My life is very busy these days. Since Sophie left and Joseph is on vacation, I’m trying to juggle the work of three people. I’m stressed and very tired.
I arrive at the hospital at 6:30 a.m. having several tasks to attend to before the Centres de Santé can open and function for the day. I pick up boxes of vaccines stored inside cool boxes, retrieve the newly sterilized materials I deposited the evening before, grab any supplies I have ordered, and jump in the car to start my journey to work..
The first stop is Kalibatete, where I unlock 10 padlocks, drop off supplies or pharmaceuticals, and give instructions to the staff. The clinic has been very busy the last few weeks and there are usually several patient care or staff issues, all of which I solve at 7:15 a.m. Then back in the car, off to Mungele. I arrive between 9 and 9:30 a.m..
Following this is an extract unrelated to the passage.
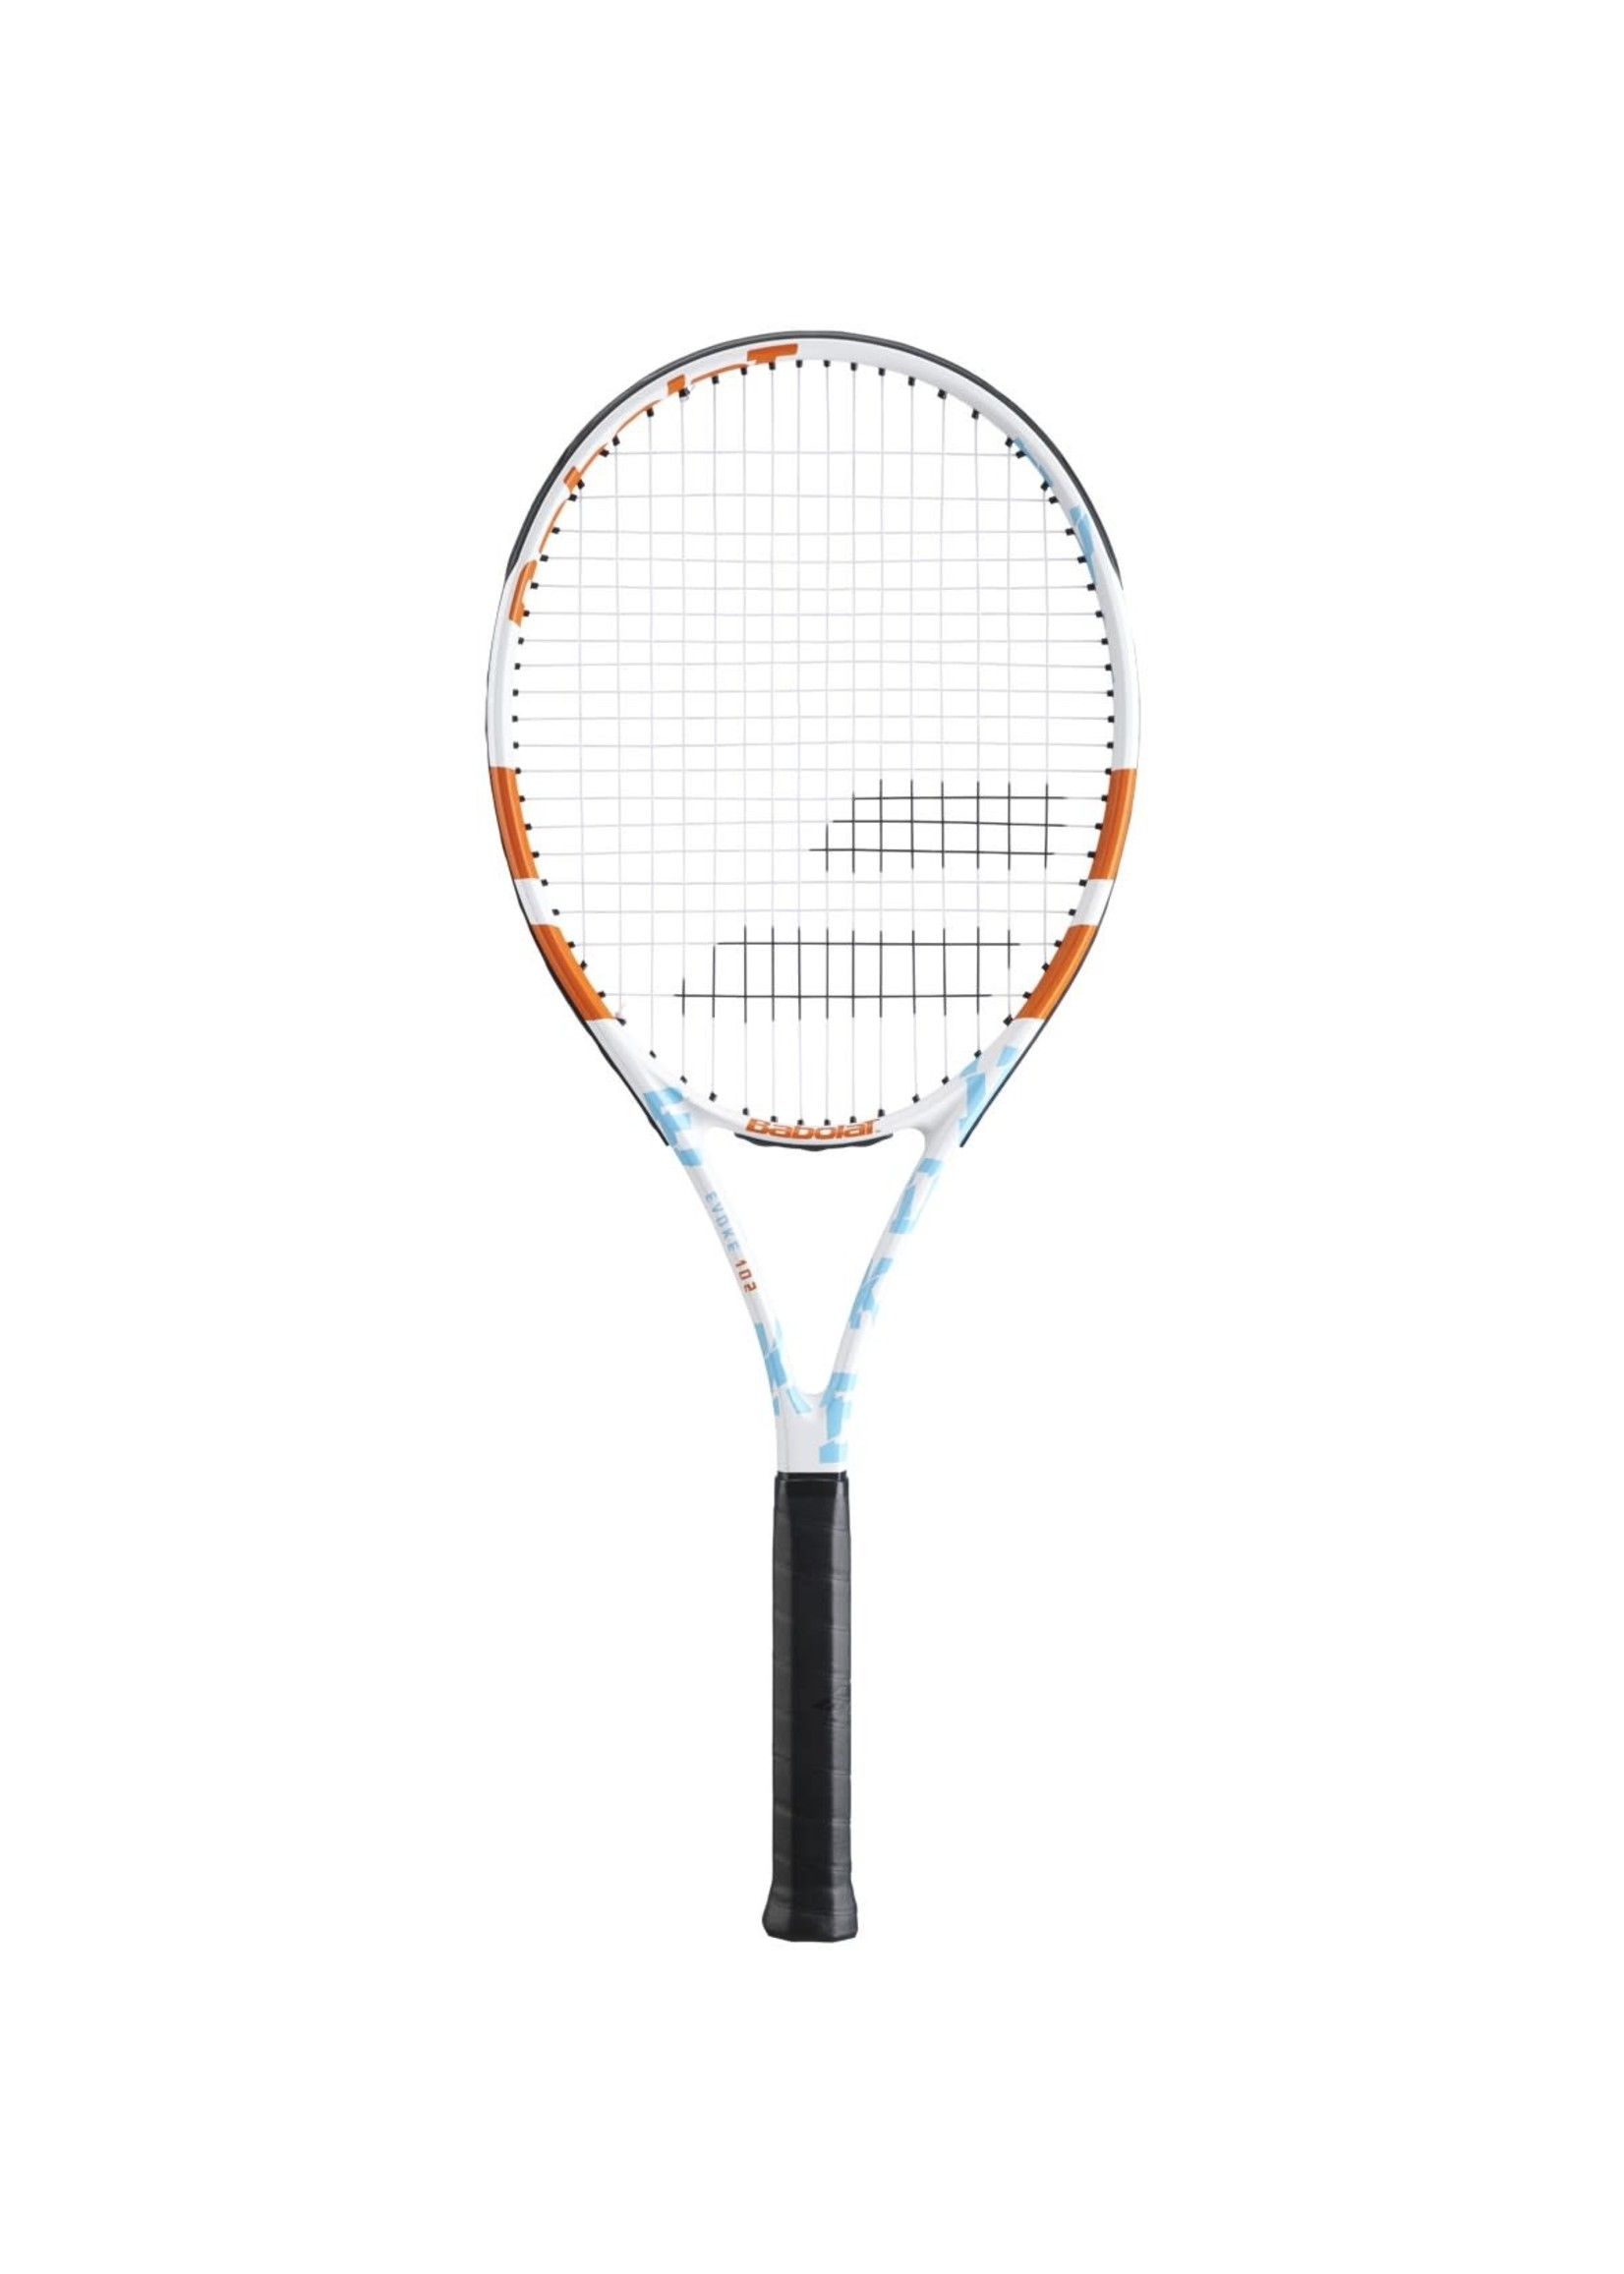 Babolat Babolat Evoke 102 Tennis Racket - White/Blue/Orange (2021)

The first order of action is to greet the staff with a "bonjour" and handshake. I have only two to three hours to spend there, so I must organize my time wisely. I see patients with the Consultants and Sage Femme (midwife), help with immunizations, see babies being born, help take the inventory in the pharmacy, and make long lists of things to do, order, print, or photocopy, once I return to the hospital. I tell everyone I am returning to Lubutu at noon but it never happens. Patients needing further evaluation at the hospital are loaded into the car and the engine starts. Inevitably, a Consultant comes out running with another sick person needing transport to the hospital. No problem, as that is why we are here. We drive to their homes to get their personal belongings. Patients supply their own food and wash their own clothes, so we sometimes have to battle as they attempt to bring more luggage than the vehicle can accommodate.
Finally we're off! It's back to Lubutu, arriving about 2:30 p.m. I stumble back to Couvent with an aching back, starving for my first full meal of the day. Breakfast was a cup of bad coffee I drank at eight and a half hours previously.
Lunch, though the biggest meal of the day for the rest of the team, is small for me. There is often little left to eat after 22 other hungry stomachs have been filled. It is 3 p.m. and I generally have to attend meetings, to order items essential for both Centres de Santé, or document statistics. Oh yeah! Theoretically I am also supposed to pay attention to Kalibatete, the busy urban health center I am responsible for managing.
Unfortunately, due to this shift in my job description, I've been neglecting the place, spending between zero and thirty minutes there per day. After my daily obligatory and rushed evening visit, I return back to the office for more computer work, begging for supplies, and preparing for the next morning, eleven hours away.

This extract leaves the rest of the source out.